第9話 メイド、気持ちよくさせられる※猫として

「約束を忘れないでね」


 彼はヴェラをシーツごとベッドの端に寄せた。


「じゃ、撫でるね」


 カルヴァンの大きな手が迫ってきて、ヴェラは慌ててうつむき、ぎゅっと目をつむった。彼の大きな手のひらが、まず背中をゆったりと撫で始める。下から上へ、上から下へ。決して急ぐことのない、ゆったりとした手の動きだが、それだけでも気持ちがいい。


「ふうっ……」


 思わず息を吐いてしまう。


「気持ちいい、ヴェラ?」

「はい」


 ニャア、としか聞こえていないはずだが、カルヴァンの口元が緩む。


「よかった、僕も君のふさふさの毛が気持ちいいよ。
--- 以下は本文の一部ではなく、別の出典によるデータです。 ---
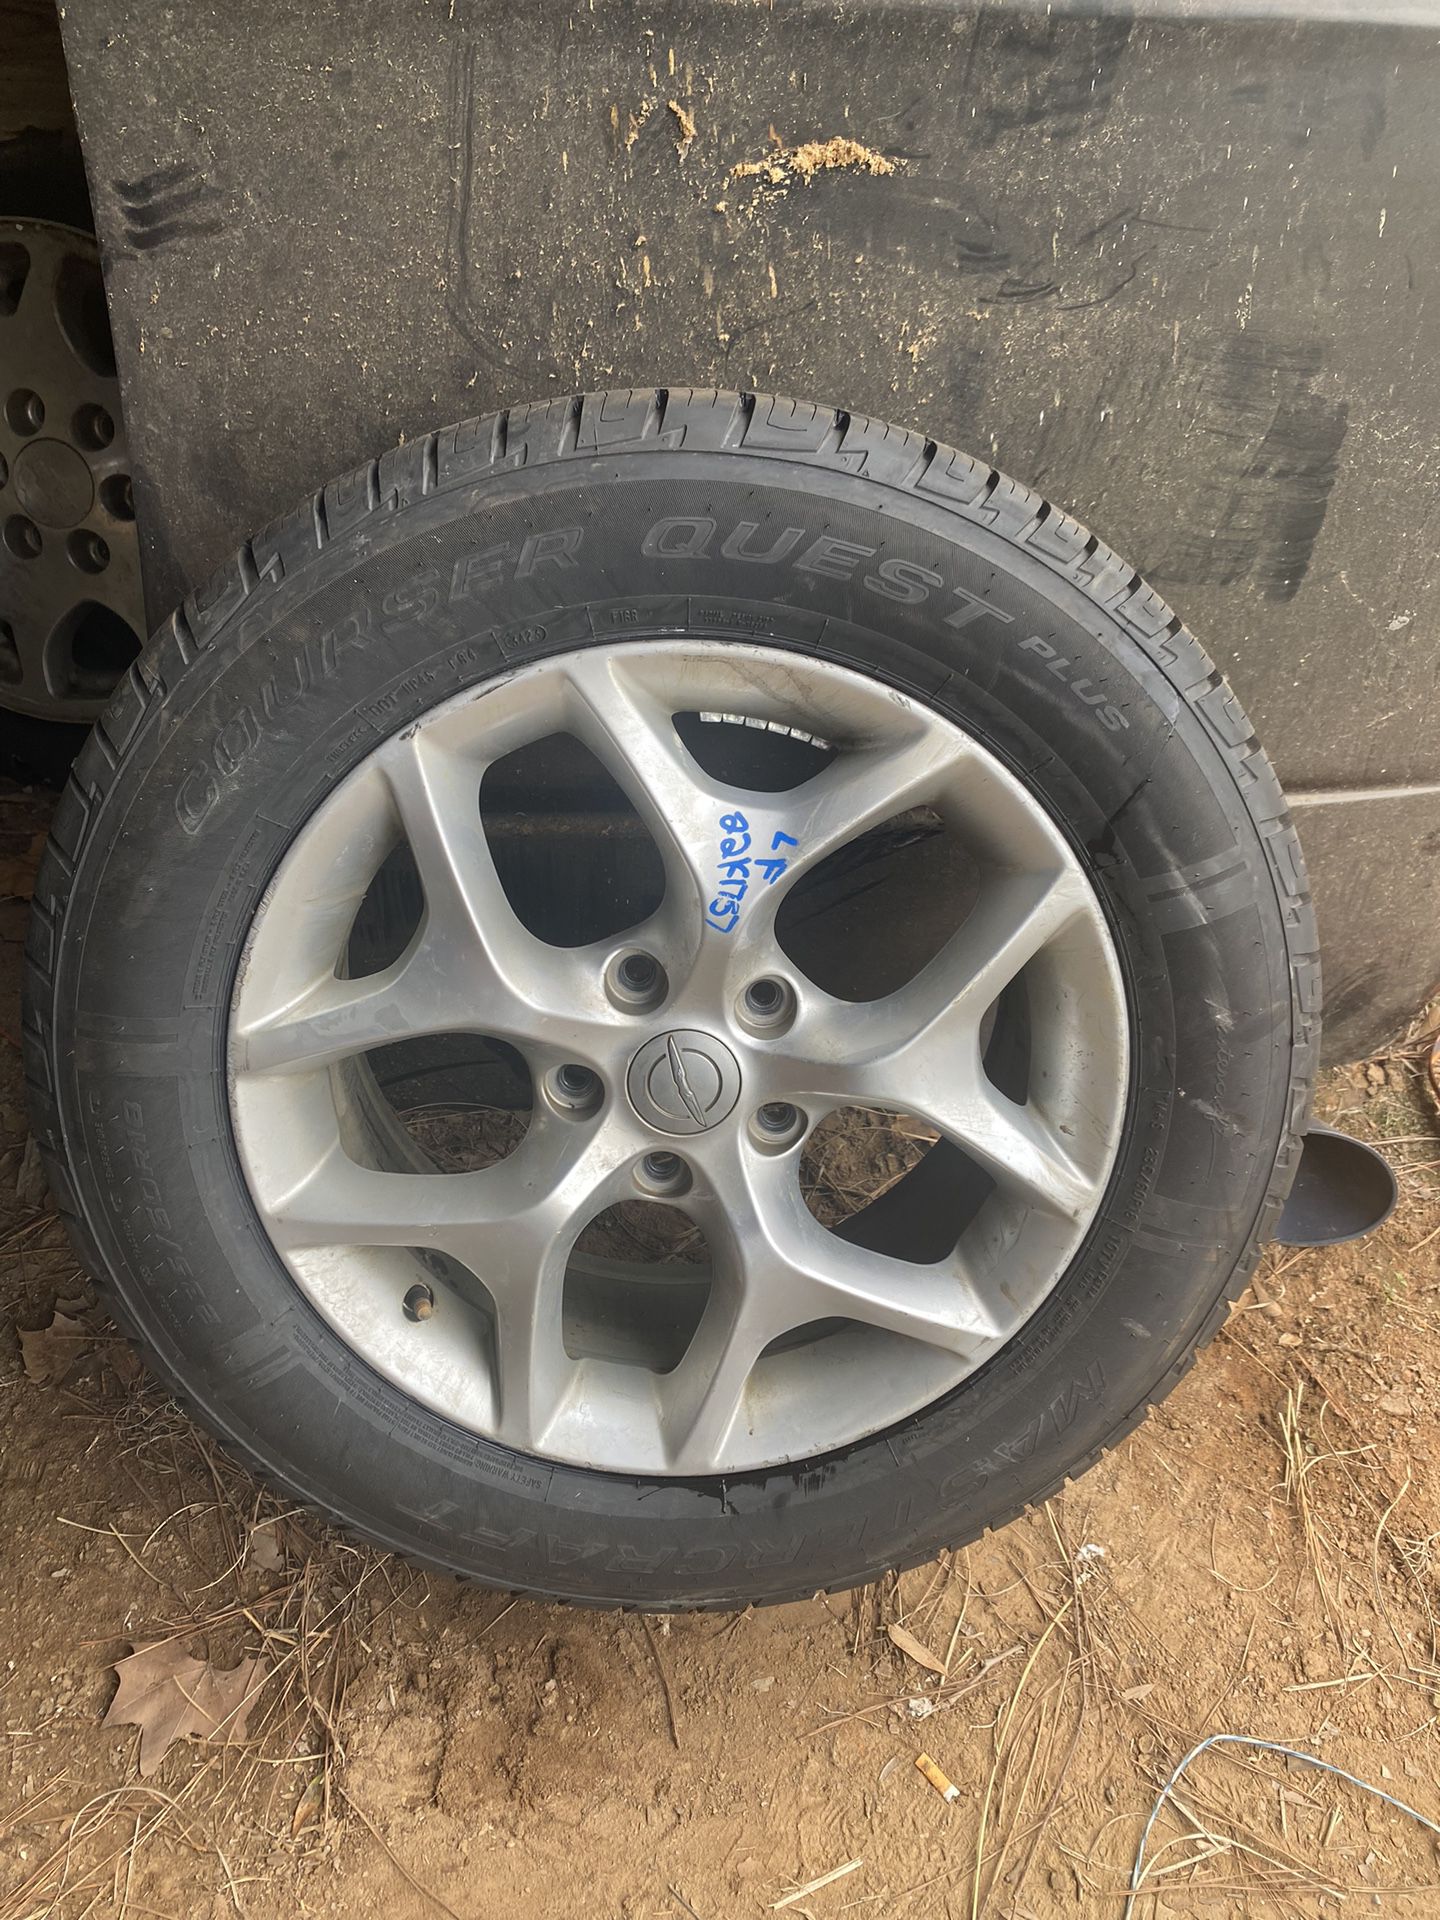 2017 Chrysler Rim And Brand New Top-Of-The-Line Tire

じゃ、ちょっと撫で方を変えてみるね?」


 それからカルヴァンは人差し指と中指、それから薬指の先に力をこめてさすったり、大きな円をかくように撫でてくれた。

 彼らしく、どこまでも穏やかな撫で方にヴェラは徐々にリラックスしていく。


(だめだ、これ……、猫として、あがらえない……)


 勝手に尻尾がパタパタ動き始める。

 どれくらい時間が経っただろう、やがてカルヴァンの指先が筋肉をほぐすようにもみ始めると、もう我慢できなくなる。


(き、きもち、いい〜〜!!)


 だらんと全身の力を抜く。

 その途端、ぐらぐらっと視界が歪んだ。同時にヴェラの全身から煙がばふっとふきだした。


「っ……ヴェラ!?」


(い、いたいっ!!)


 引きちぎられるような痛みが一瞬体中を襲い、ヴェラは息を呑む。しかしすぐにその痛みは和らぎ、彼女は目を開ける。

 今まで猫だったから仕方ないが、自分が裸であることに気づいて、思わず叫び声をあげる。


「や、やだぁぁぁ!!! み、みないで、カルヴァンさまっ!!!」

「落ち着いて! シーツでほとんど見えないよ!!」


 自分の言葉に、まともにカルヴァンが返事をしてくれたことに気づいて我に返る。慌ててシーツを固く巻き付け、それからおそるおそる自分の顔を触ると――人間に戻っていた。そして。


「み、み、見ました!?」


 そう尋ねると、カルヴァンの頬がほんのりと朱に染まる。

 ヴェラは絶望した。


「ちょ、ちょっとだけな」


 あまりのことにカルヴァンの言葉が頭に入ってこない。


「も、もう、お、お嫁にいけない……」


 震えながらそう言うと、カルヴァンがぐっと息を飲み込んだ。


「そんなこと言ってる場合じゃないよ」

「……?」

「このままだと猫に戻っちゃうよ? ハサウェイ夫人からの手紙によると、首元に猫の刻印があるうちは魔法は解けていないらしい」

「……!」


 ぱっと見下ろすと、たしかに自分の首元に黒猫の刻印が残っていて、今度こそ青ざめた。

 そうだ、そうだった。覚悟したのに、覚悟したけれど。

 涙ぐんだヴェラを前に、カルヴァンが頭をがしがしとかく。


「ヴェラは経験ないから、嫌だとは思うんだけど」


 そこでヴェラは俯いた。


(ヴェラ、は……じゃあカルヴァンは……)


「えっ、まさか経験あるの?」


 突然カルヴァンの声のトーンが変わり、がしっと両肩を掴まれた。肩に彼の手の感触をまざまざと感じて、自分が人間の姿に戻ったことを実感する。


「ねえ、ヴェラ、誰かとキスをしたことある?」


 熱っぽく尋ねられたが、ヴェラはしばらくしてようやく首を横に振った。


「ないです」

「……っ、驚かせないで」


 ぱっと肩を離された。

 

「でもそろそろとは思っていました。だからしてもらって大丈夫です」

「――そろそろ、だって?」


 カルヴァンの眉間に皺が寄った。


「私も適齢期なので……だけど初めては好きな人がいいと思っていたから踏み出せなかっただけで……」


 だからカルヴァンにしてもらいたい、という言葉はどうしても続けられなくて、飲み込んだ。そこでカルヴァンの視線が、ヴェラを射抜くように強くなる。